8. My Symptoms

7 2 0
                                    

Rain

'It hurts like hell,' hatiku menjerit.

Andai bisa memutar waktu, aku akan memilih untuk tidak tahu. Aya pernah punya hubungan istimewa dengan Adam yang aku tahu secara tidak sengaja. Kenyataan itu juga yang mendorongku mencari jawaban dari rasa ingin tahuku yang salah. Meski Paul tidak menjawab, tapi hal yang ingin aku dengar bisa terbaca dari raut wajahnya.

Aya adalah salah satu dari tiga orang yang Adam pernah sebutkan. Membayangkan tubuh Adam ada di atas Aya, terlalu pedih untuk dipahami. Aku berusaha berdamai dengan emosiku, mencoba menerima masa lalu itu karna Adam lebih penting. Jalan pikirku kacau, ditambah tingkah Ray yang membuatku membencinya, meski tidak sebesar aku menyayanginya. Dia yang tanpa belas kasihan telah memukuli Adam, membuat batasan dengan orang yang sedang aku rindukan saat ini.

Nafas panjang keluar dari mulutku berulang kali,

"Sam, kenapa bisa punya sahabat kayak Ray?"

"Karna dia Ray," Jawaban Sam begitu ambigu,

"Yang kaku banget orangnya," cetusku memperjelas,

"Gue lagi nggak suka sama dua orang yang menempatkan lo pada pilihan yang gue sendiri bakalan bingung jika harus memilih," aku sependapat,

"Pacar lo juga sama begonya, udah tahu Ray kayak gitu masih dipancing lagi emosinya."

"Menurutku apa yang dia lakuin itu keren."

"Oh my God, lo sama otak remaja elo, Ra." Aku tidak merasa mengatakan sesuatu yang salah,

"Pernah membayangkan diri lo sendiri ada di posisi Ray?"

Mendengar Sam, aku mulai paham sama jalan pikirnya.

"Oh., Sam please," aku semakin tidak bisa bergerak kemanapun. Semua dinding yang ingin aku lewati terlalu tinggi, I'm stuck. Aku takut jika salah mengambil keputusan, hanya akan menyakiti salah satu dari mereka.

"Aku butuh jawaban Sam, jalanku semakin gelap." Sam mengarahkan daguku untuk fokus pada matanya,

"Sabar Ra, nggak semua pertanyaan bisa segera lo jawab. Ada kalanya lo harus menanti jawabannya." Sam menghembuskan nafasnya kasar

"Terima Rain, karna semua nggak akan berjalan sesuai keinginan lo, bersabar waktu lo ngerasain gimana hidup ini kasih rasa sakit, berjalanlah terus karna hal yang buruk dan baik datang bergantian, things will get better for you. Kalau belum membaik berarti itu bukan akhir dari masalah lo," Tambahnya.
Dia berhasil menenangkan hatiku yang bercampur aduk.

"Gue yakin lo bisa. Sampai sekarang lo udah melewati bermacam hal yang nggak banyak orang mampu buat lakuin, jadi pertahankan gelar lo jadi orang kuat." Aku tersenyum mendengarnya,

"Thanks Sam, kamu memang paling bisa memahamiku." Perkataan dari Sam membuatku bersemangat,

"Ayo lari lagi," Aku beranjak bangun, menendang pelan kakinya

"Tenaga lo banyak juga." Keluh Sam, belum mau beranjak dari bangku taman.

"Siapa yang bilang kalau aku harus banyak olahraga, buat menjernihkan pikiran yang menurutku nggak ada hubungannya."

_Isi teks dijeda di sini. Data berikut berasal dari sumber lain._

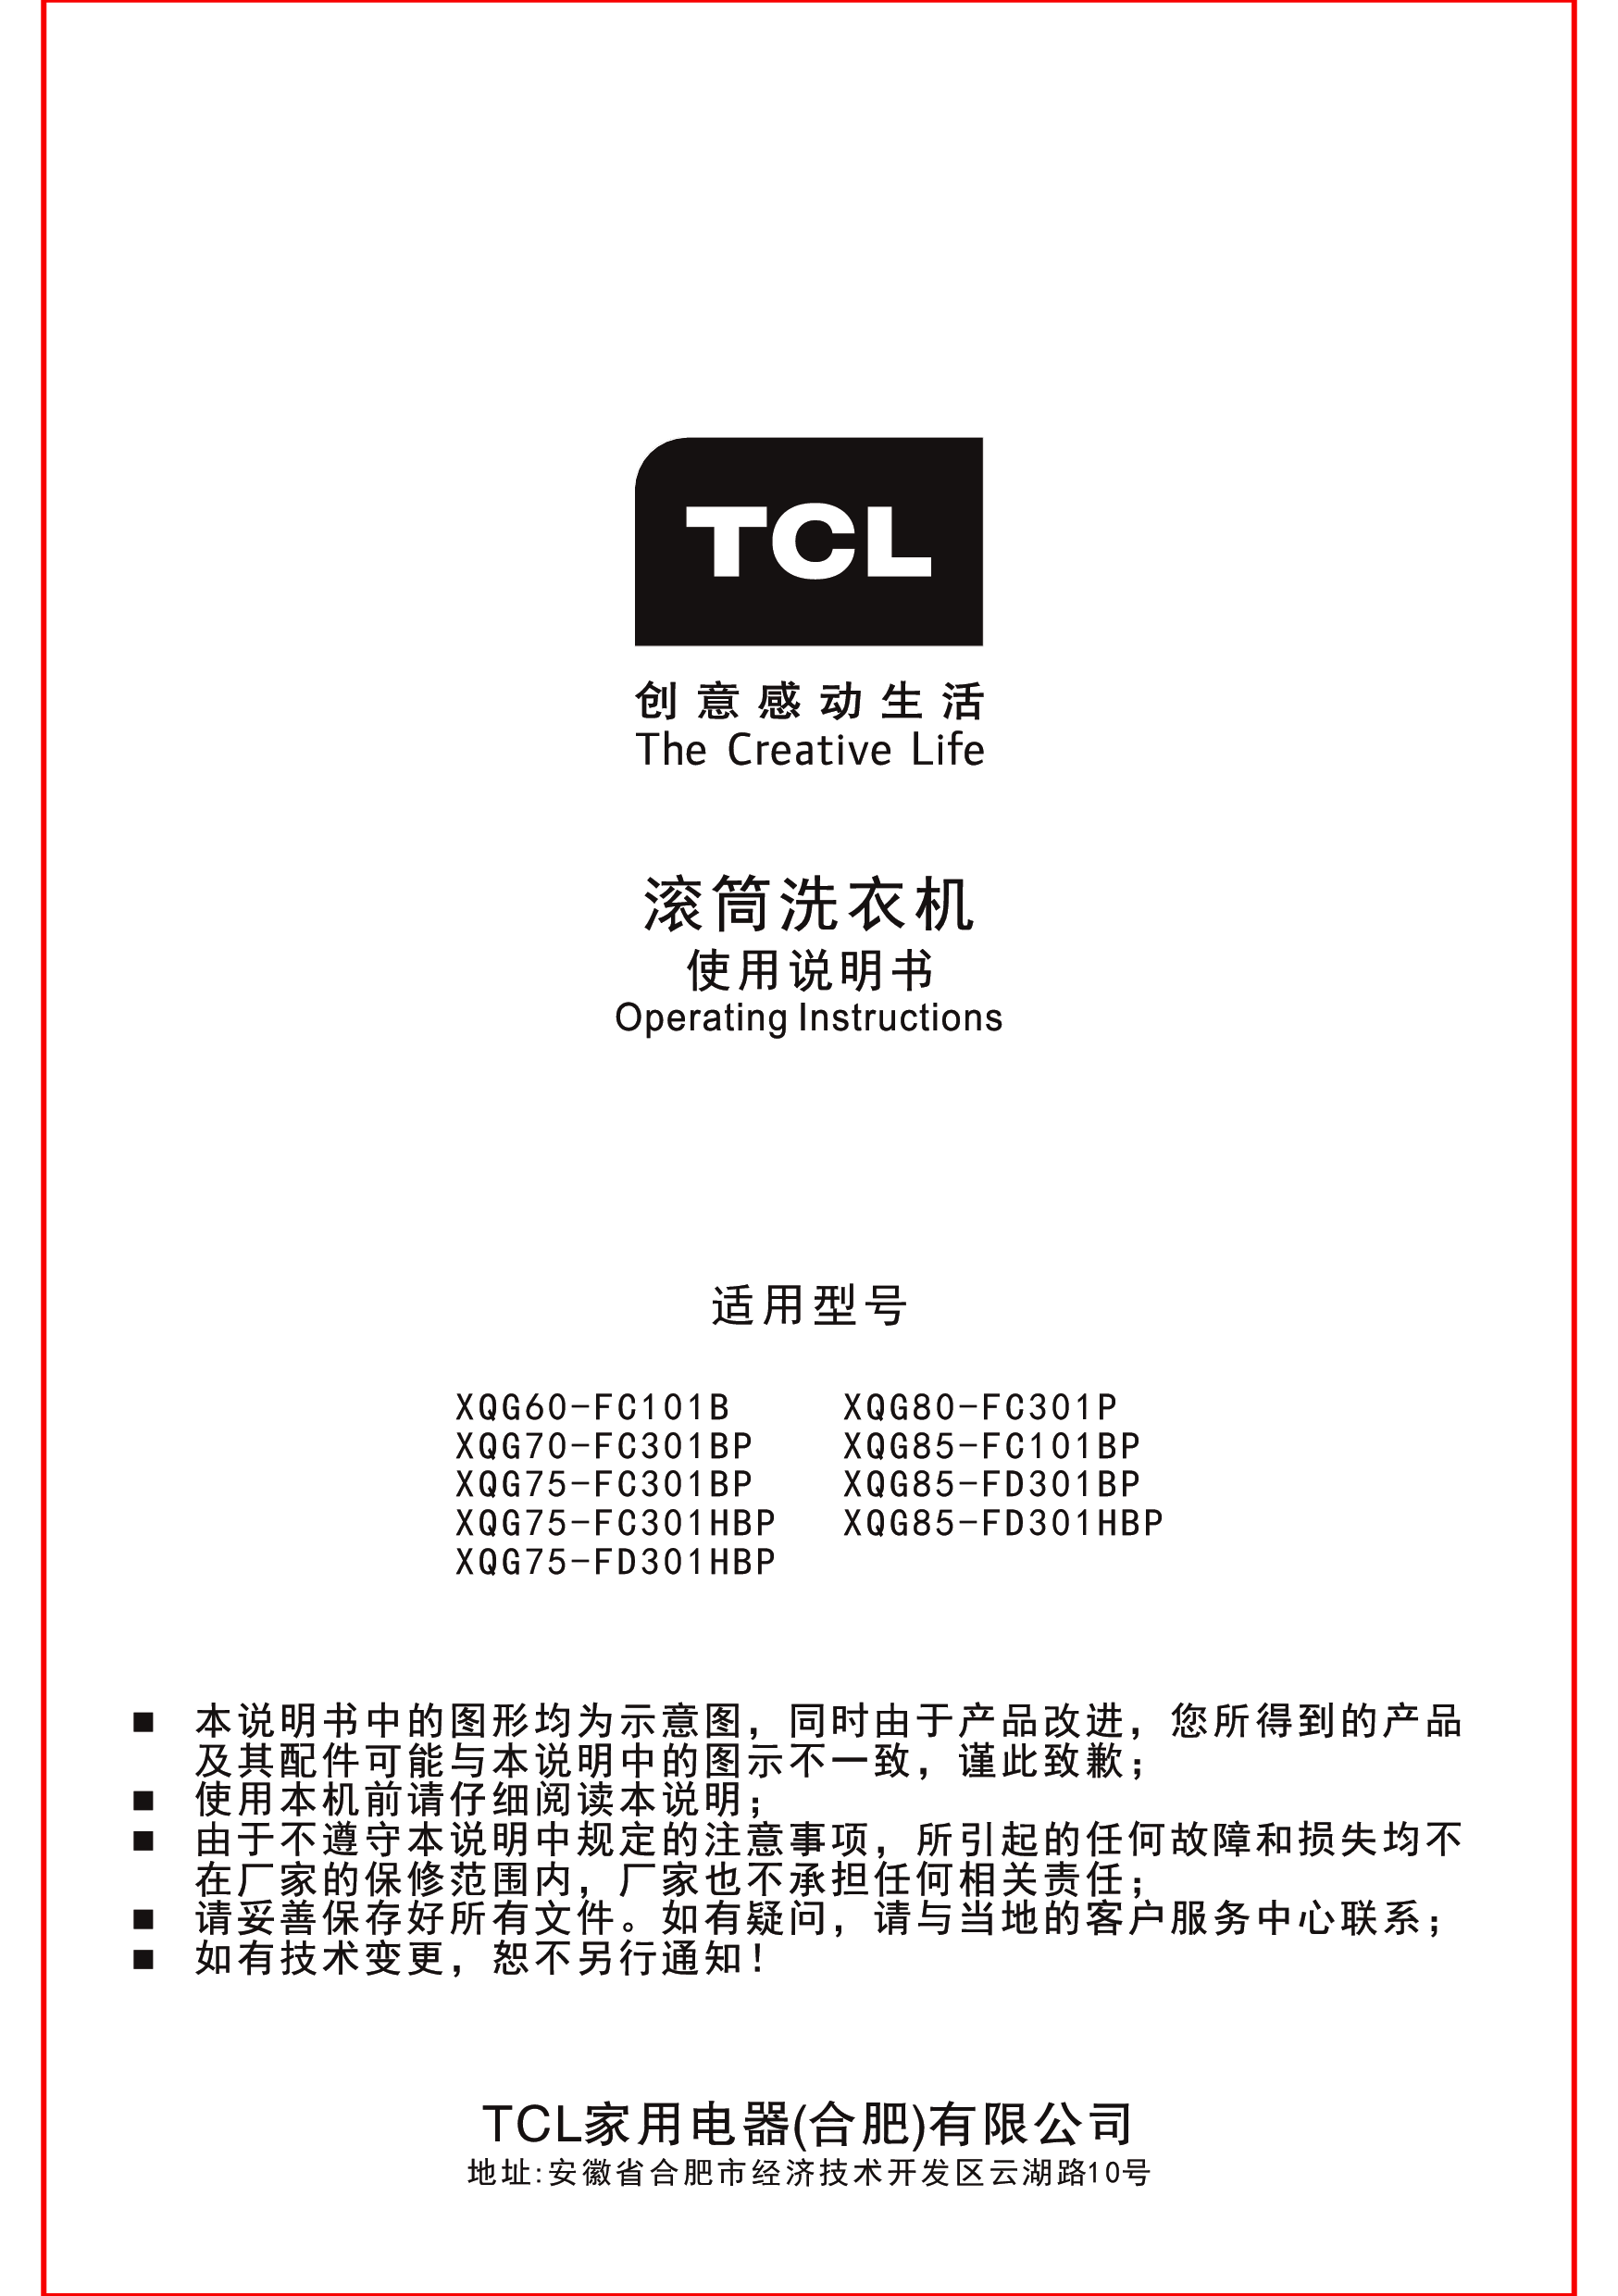 TCL XQG60-FC101B, XQG75-FD301HBP 使用说明书 封面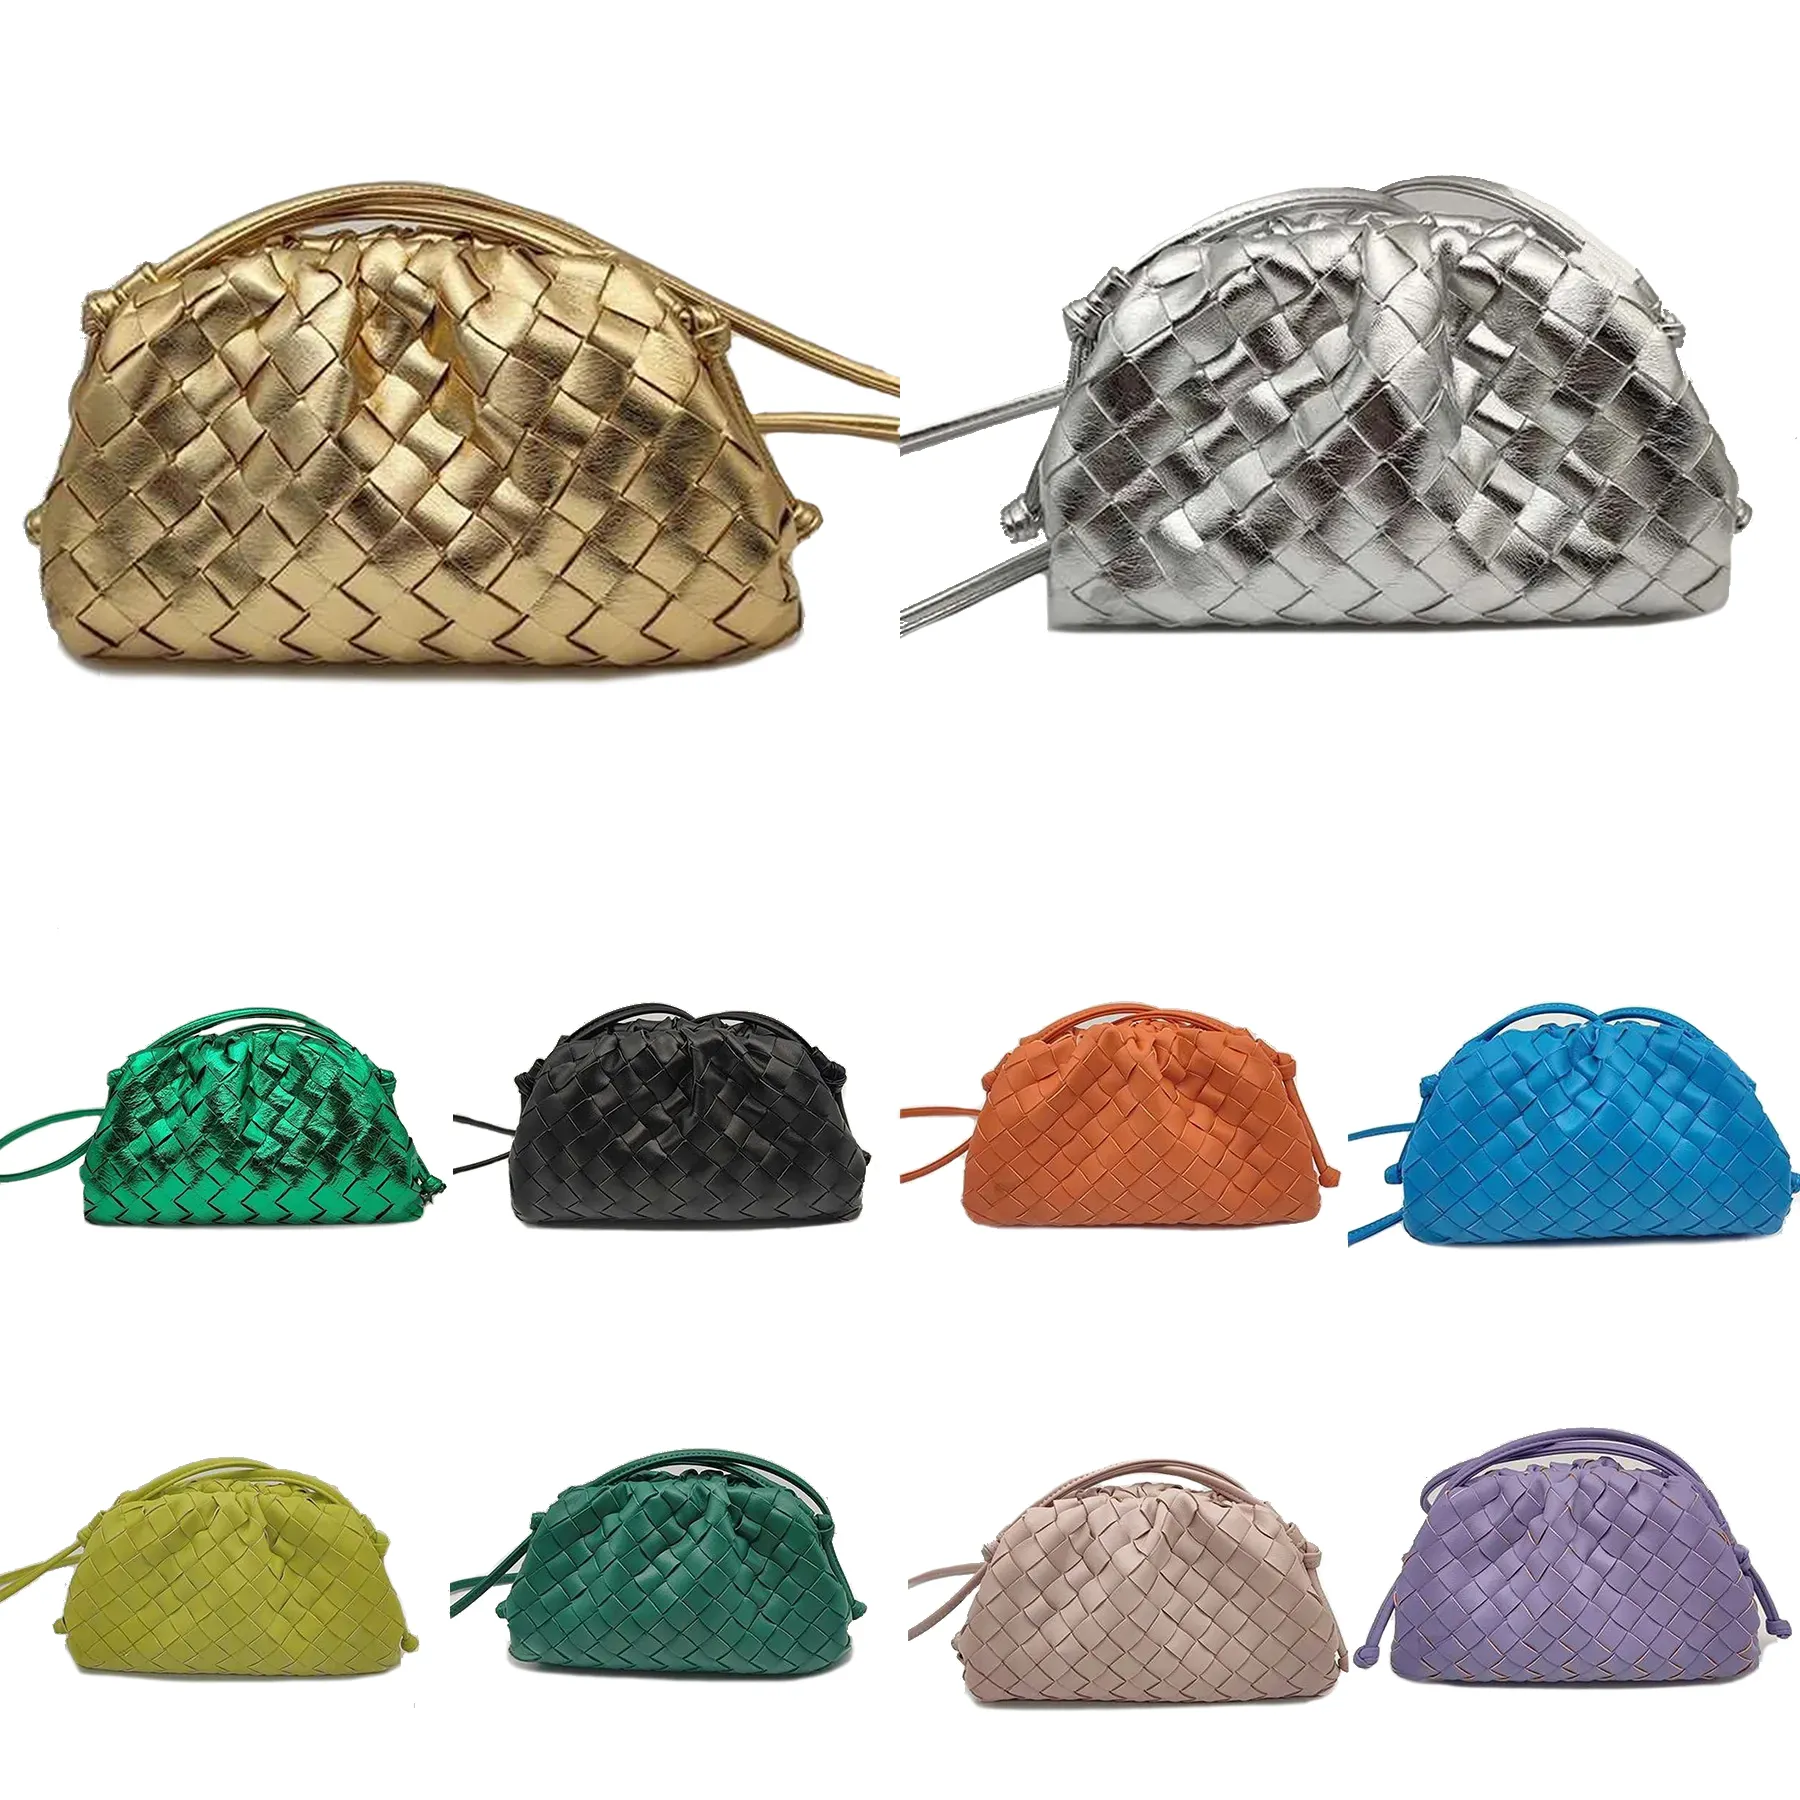 Luxurys Mini pochette Totes borse 10a borsa a tracolla di design di qualità da donna in pelle argento oro intrecciato hobo pochette da uomo weekend anche borsa a tracolla moda trucco

"Ada Ra, kalau tubuh lo bugar bakalan berpengaruh baik buat jiwa lo."

"Sam, yang bermasalah itu otak aku, bukan fisikku."

"No, you're not." Sam beranjak, bukan untuk meneruskan lari, cuma untuk memberiku kecupan di pipi.

Aku tersentak mendengar sesuatu,

"Kamu dengar suara itu Sam?"

"Apa Ra, gue nggak dengar apapun."

Aneh jika hanya aku yang mendengar suara barusan dengan sangat jelas.